Things began to change with the end of Prohibition in 1933, and the Irish Mob took an even greater hit during the years of the New Deal. A number of prominent practitioner’s of Machine politics were prosecuted or forced from office via corruption scandals. Political reforms were enacted that brought about an end to the long era of the Machine.
In the years following World War II, the Irish American gangster scattered far and wide. Many were absorbed into the labor movement, either as strikebreakers hired by corporations, or as tough guys and facilitators connected with trade unions, most notably the International Longshoremen’s Association (ILA) and the International Brotherhood of Teamsters. Some Irish American gangsters became notorious hitmen for hire who carried out murder contracts either for forces in the labor movement or for the Mob, also known as the Syndicate or the Outfit, which was a consortium of multiethnic mobsters.

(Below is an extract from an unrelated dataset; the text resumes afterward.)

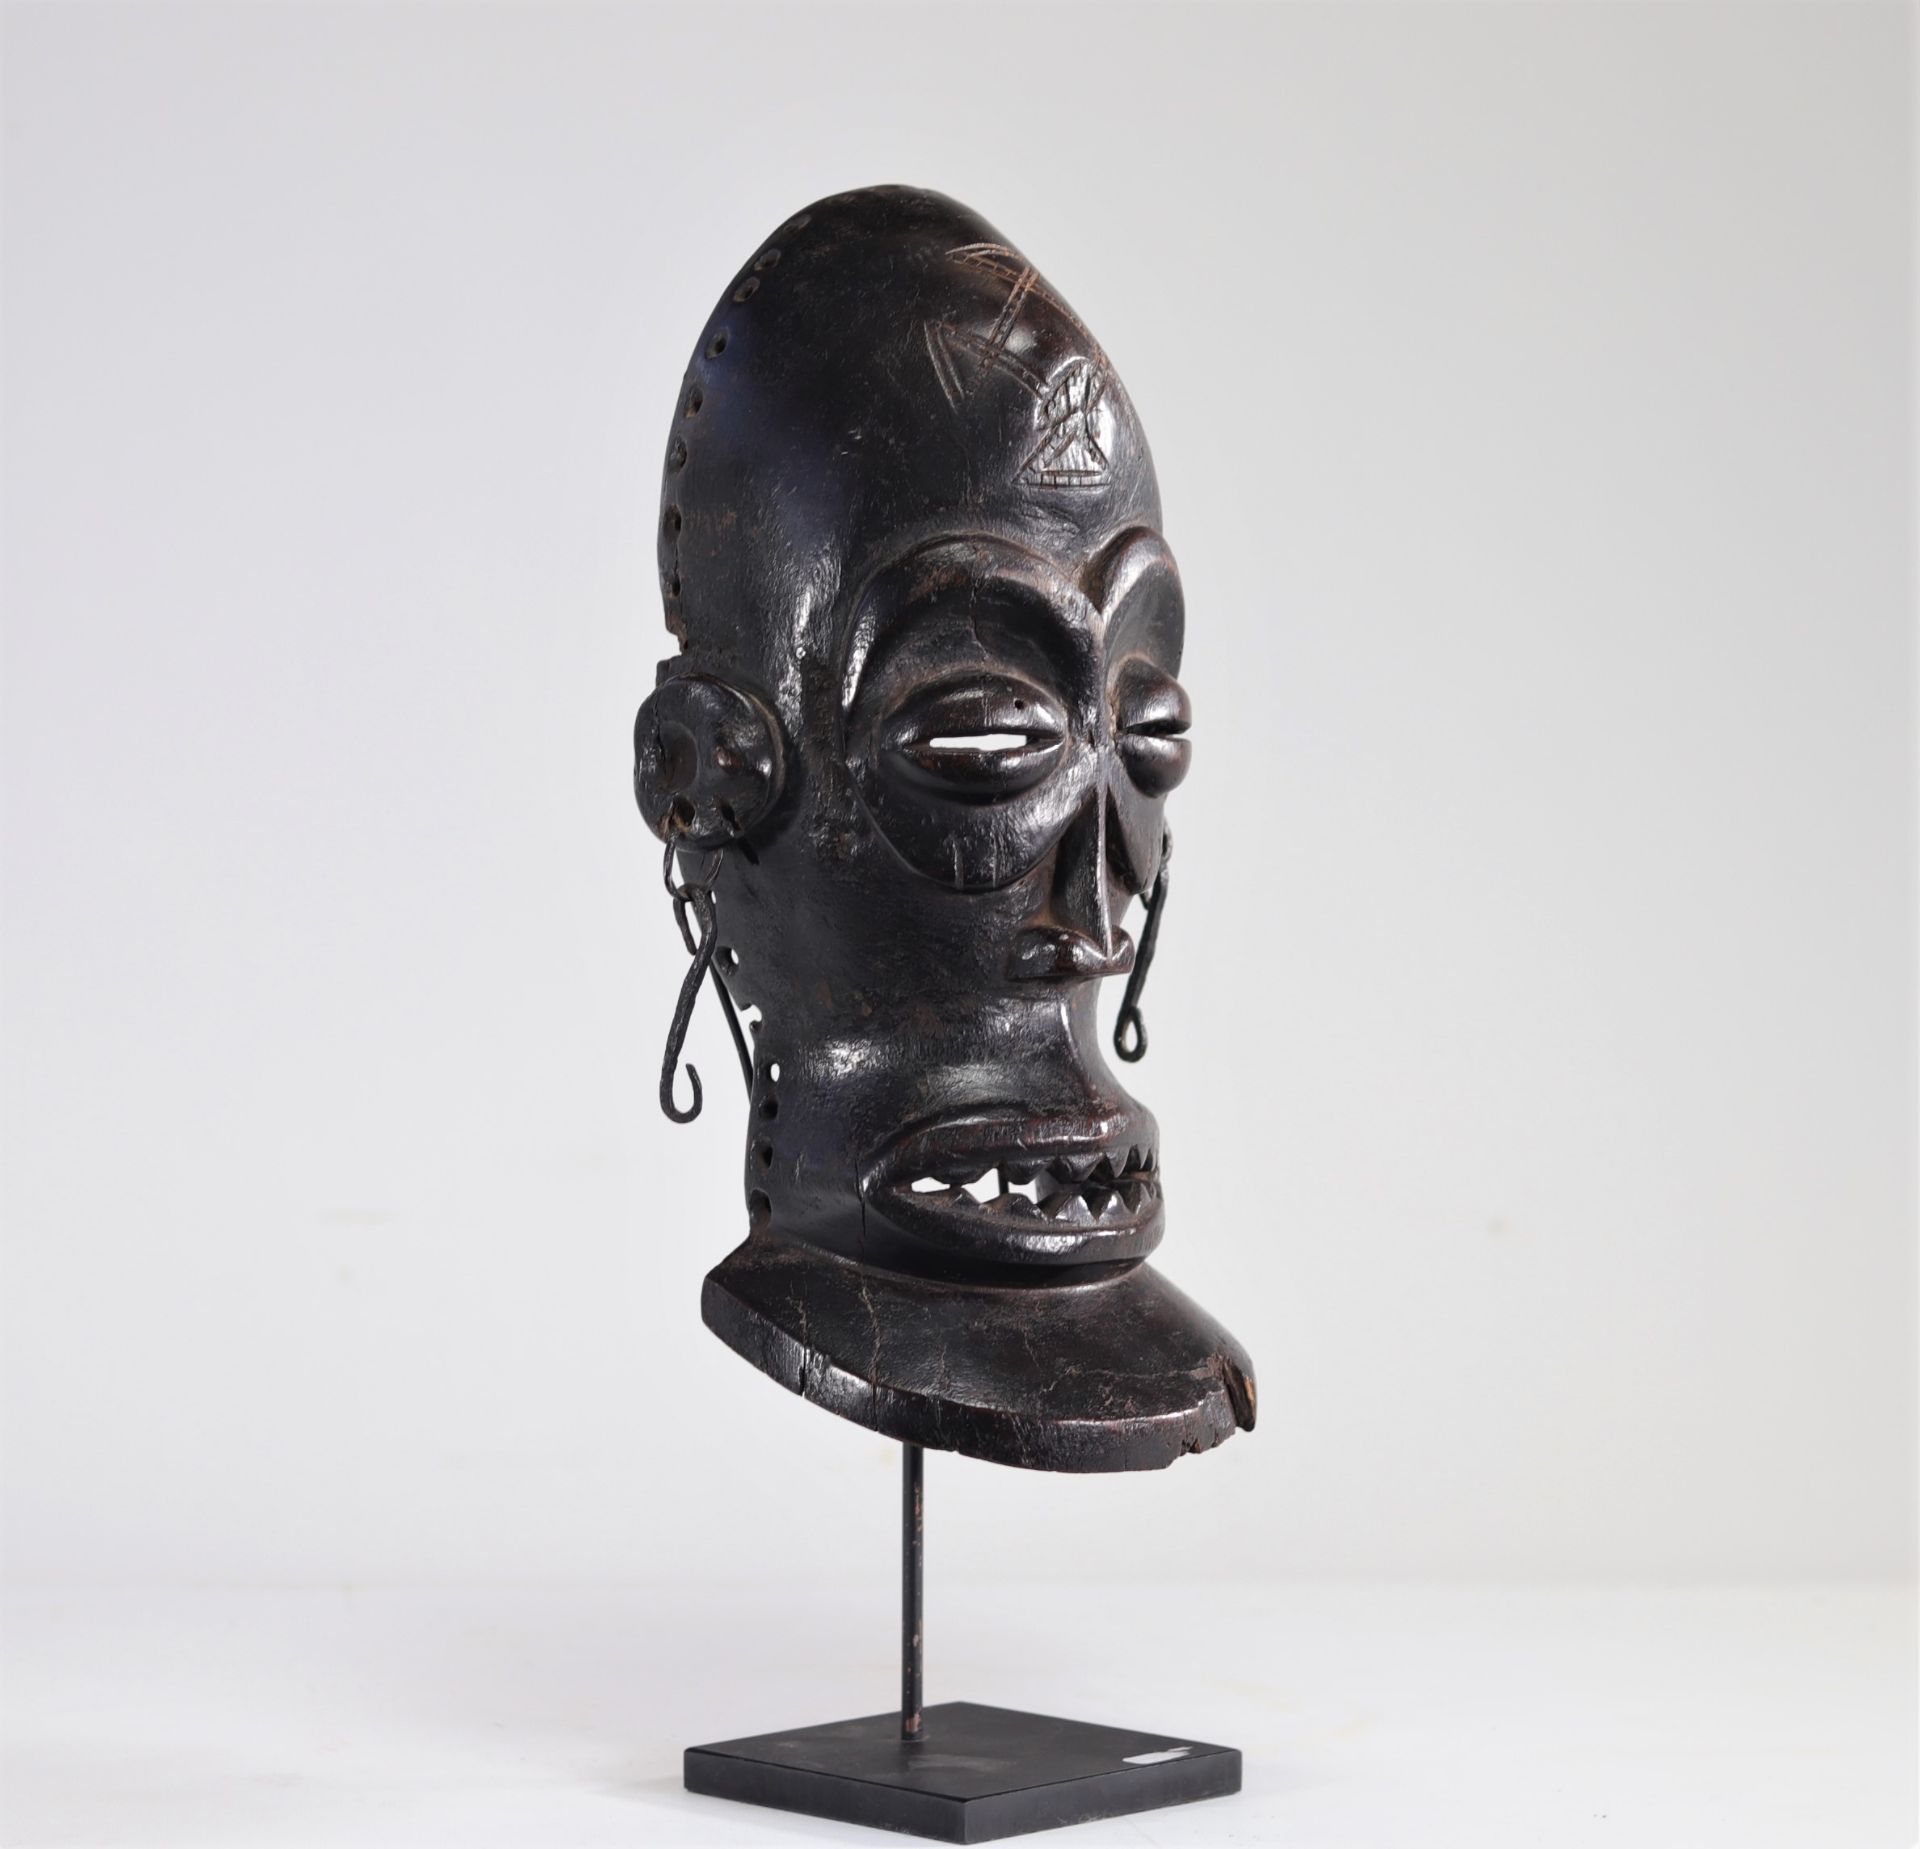 Tchokwe mask from the Rep. req. congo
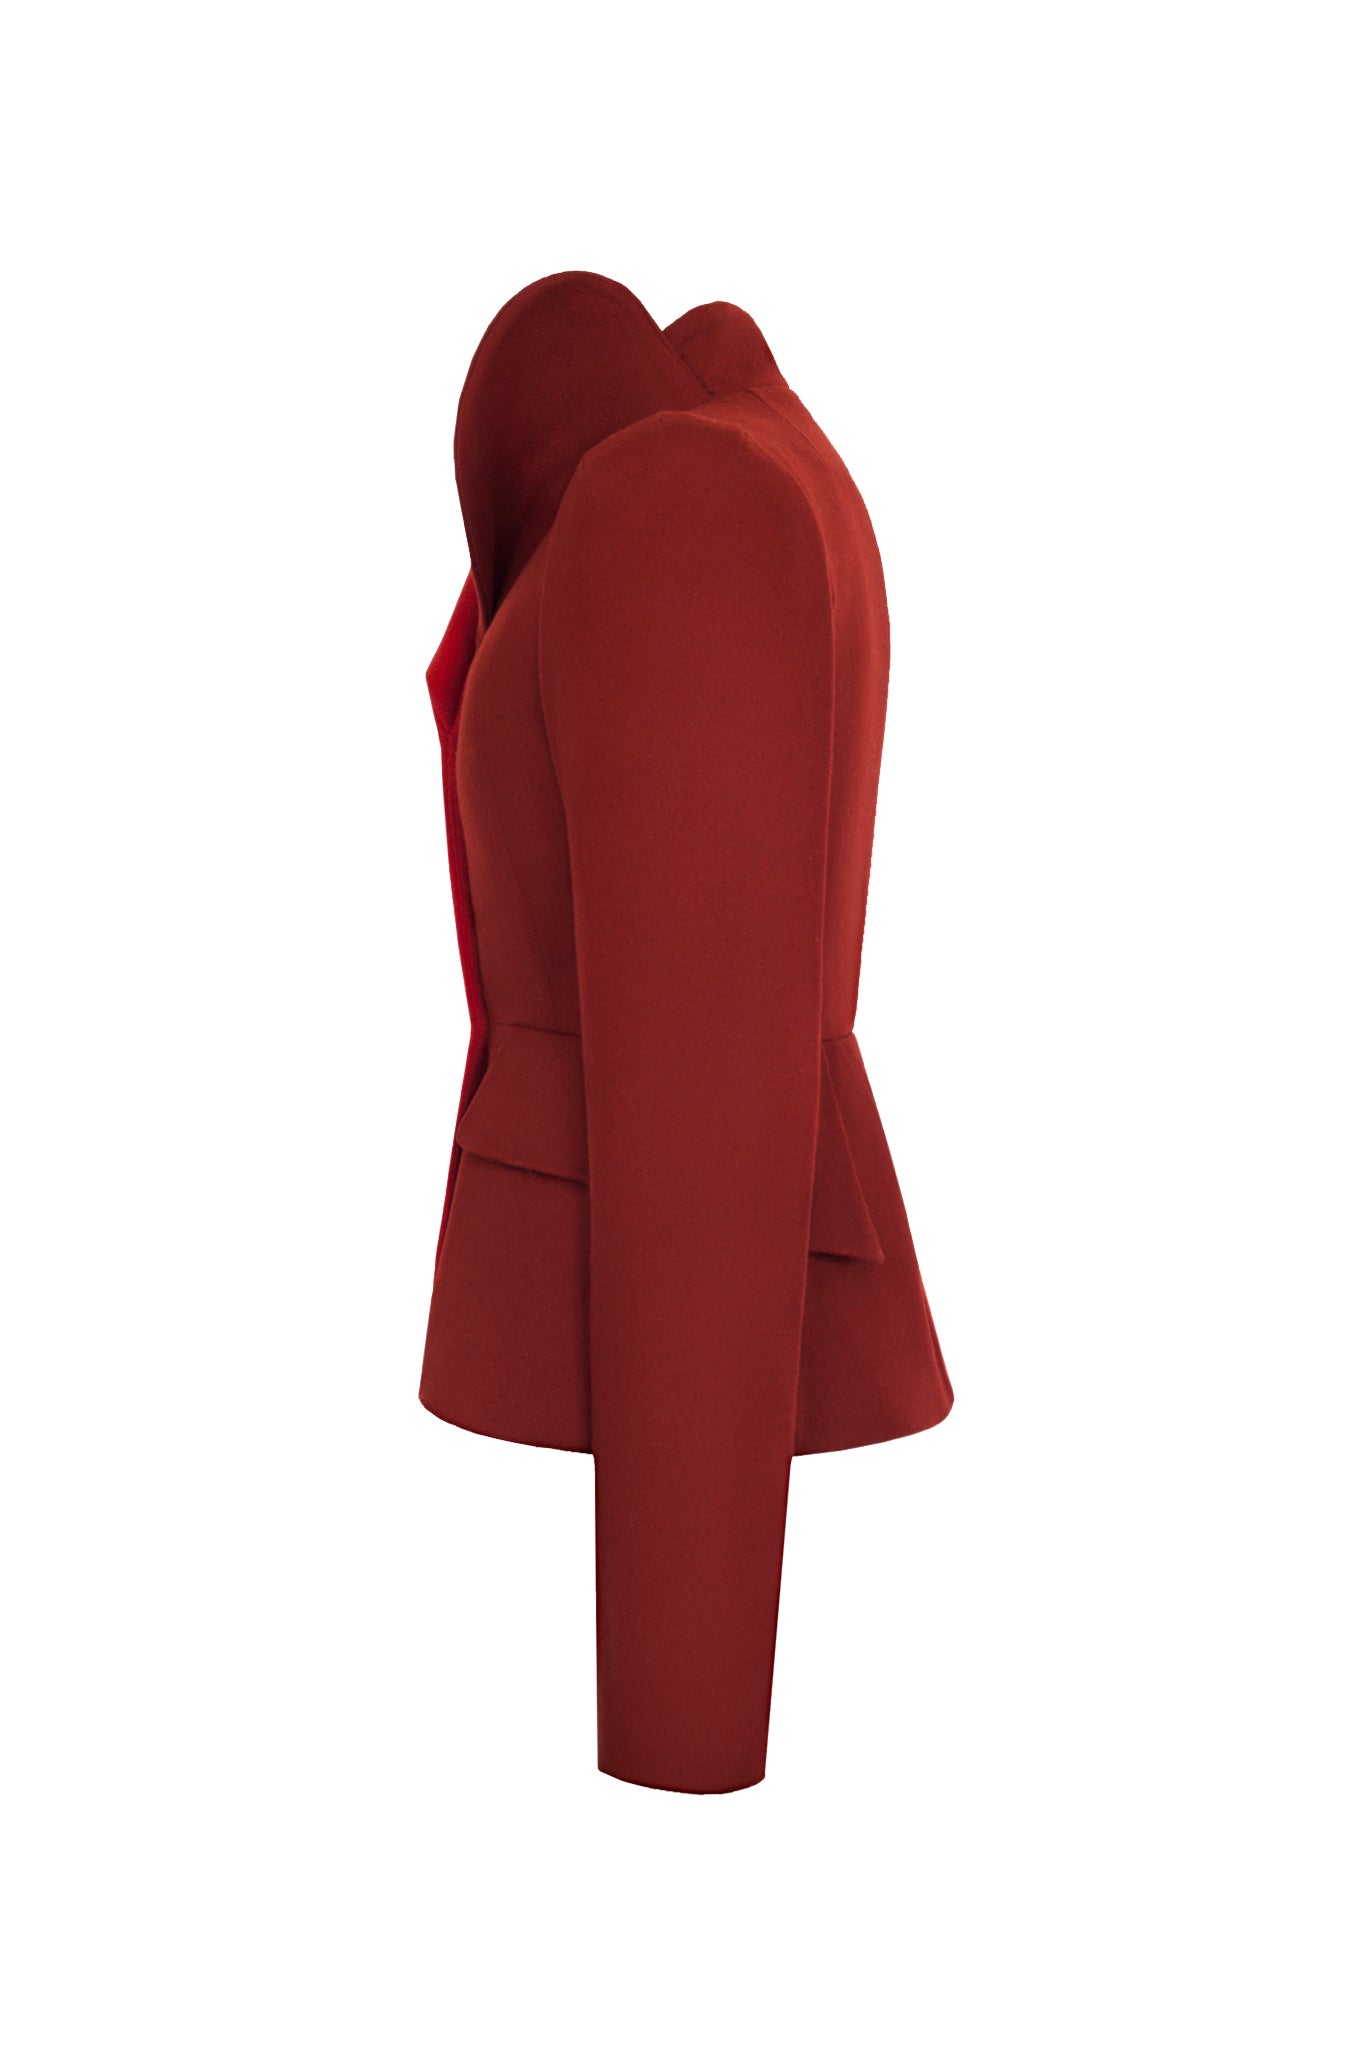 CIMONE's AW17 Dietrich jacket. Named after Marlene! This sculptural tailored and fitted suit jacket is fabricated in two-tone  red and burnt orange wool.

The Italian Mafia—a faction within the Mob that gained such a grandiose level of cultural notoriety in the later decades of the twentieth century that it came to represent the Mob itself—frequently employed Irish gunmen, particularly if the intended target of a hit was an Irishman.
The image of the independent Irish American criminal, a man who went wherever the money was, became a common trope in the underworld of the 1960s, 1970s, and 1980s. Working-class hoods who usually specialized in a specific brand of criminal activity—whether it was B & Es (breaking and entering), safe cracking, the snatch racket (kidnapping), murder-for-hire, or body disposal—saw themselves as underworld tradesmen. (One Irish American hitman of this era even referred to what he did as “carpentry work.”) Often, these were men who wound up on the losing end of a long, ongoing rivalry between Irish and Italian mobsters that was rooted deep in the history of the American underworld. With a far larger and more organized structure, Italian organized crime groups inevitably dominated these confrontations, leaving a trail of dead Irishmen across the land.